Always Only Once: Recovering a History of Ephemeral Cinema

Gregory Zinman, New York University

In The Virtual Life of Cinema, David Rodowick describes how film’s indeterminate aesthetic standing results in it being “an uncertain object” subject to continuously shifting debates regarding the nature of what might constitute a film medium. Recent theoretical challenges to the idea of medium specificity offered by Rodowick, Noel Carroll, and Jonathan Walley have helped to open up opportunities to find new connections between artworks and films previously thought to be wholly distinct.

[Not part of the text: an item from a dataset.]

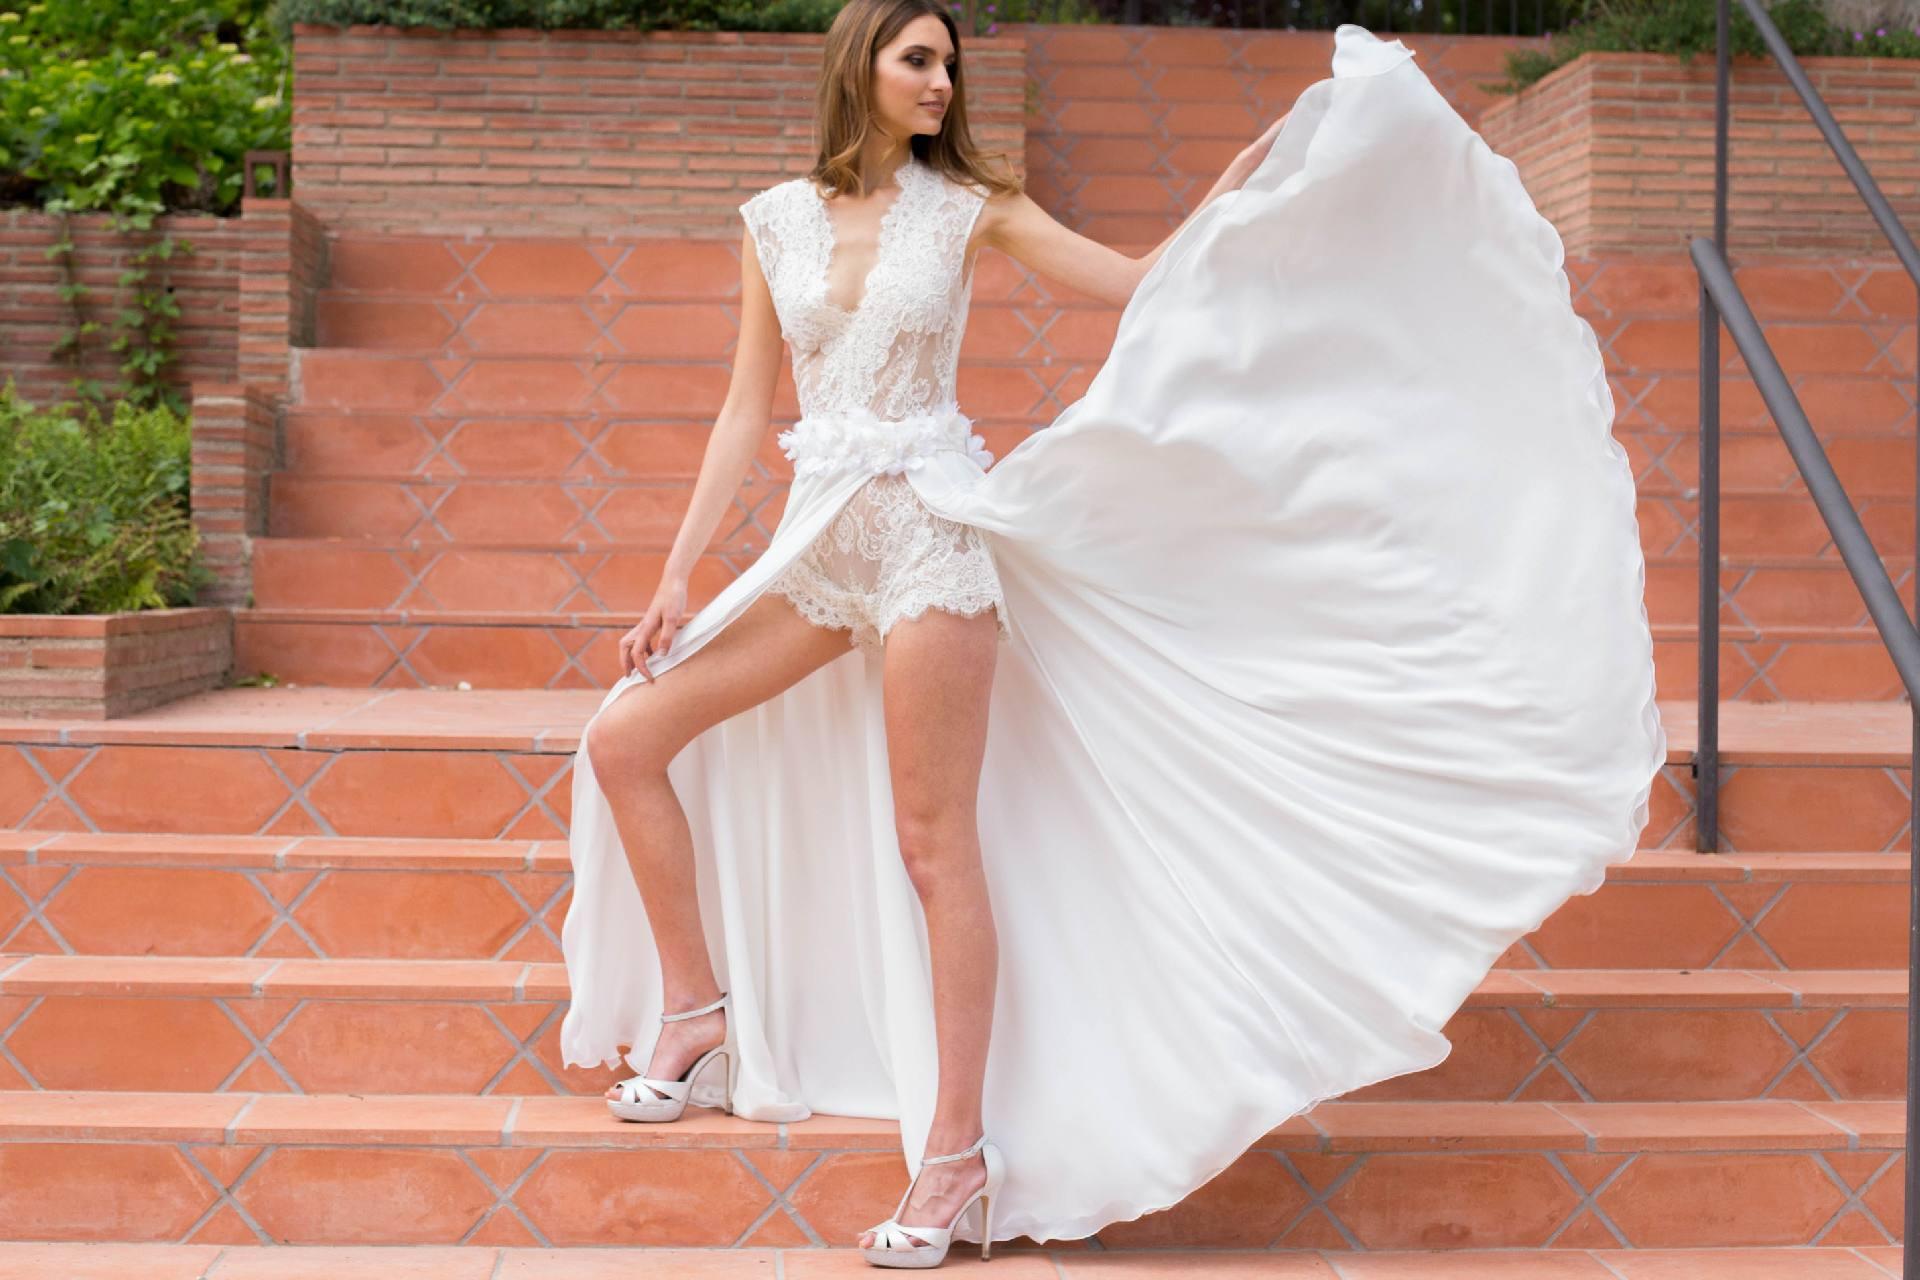 Detalle de vuelo de falda de novia Auril

In this paper, therefore, I hope to trace affinities between various projection and screen practices that are not based in mechanical reproduction, but rather utilize various handmade or hand-manipulated media to perform unique and unrepeatable cinematic events. Examples of such practices include Thomas Wilfred’s color instruments, Moholy-Nagy’s light experiments at the Bauhaus, Nicholas Schöffer’s various kinetic sculptures, the Joshua Light Show’s multimedia performances, Stephen Beck’s video synthesizers, and Bruce McClure’s multi-projector performances. These seemingly divergent cinematic practices find common ground in a craft-based approach to art, a shared interest in negotiating the status of the material nature of film, and often, a shared goal in pushing the boundaries of cinematic perception.

A mining of the procedural and conceptual approaches in these various strains of craft-based filmmaking will allow for the recovery of a suppressed history of the cinematic avant-garde—one that takes stock of diverging material concerns while acknowledging common effects.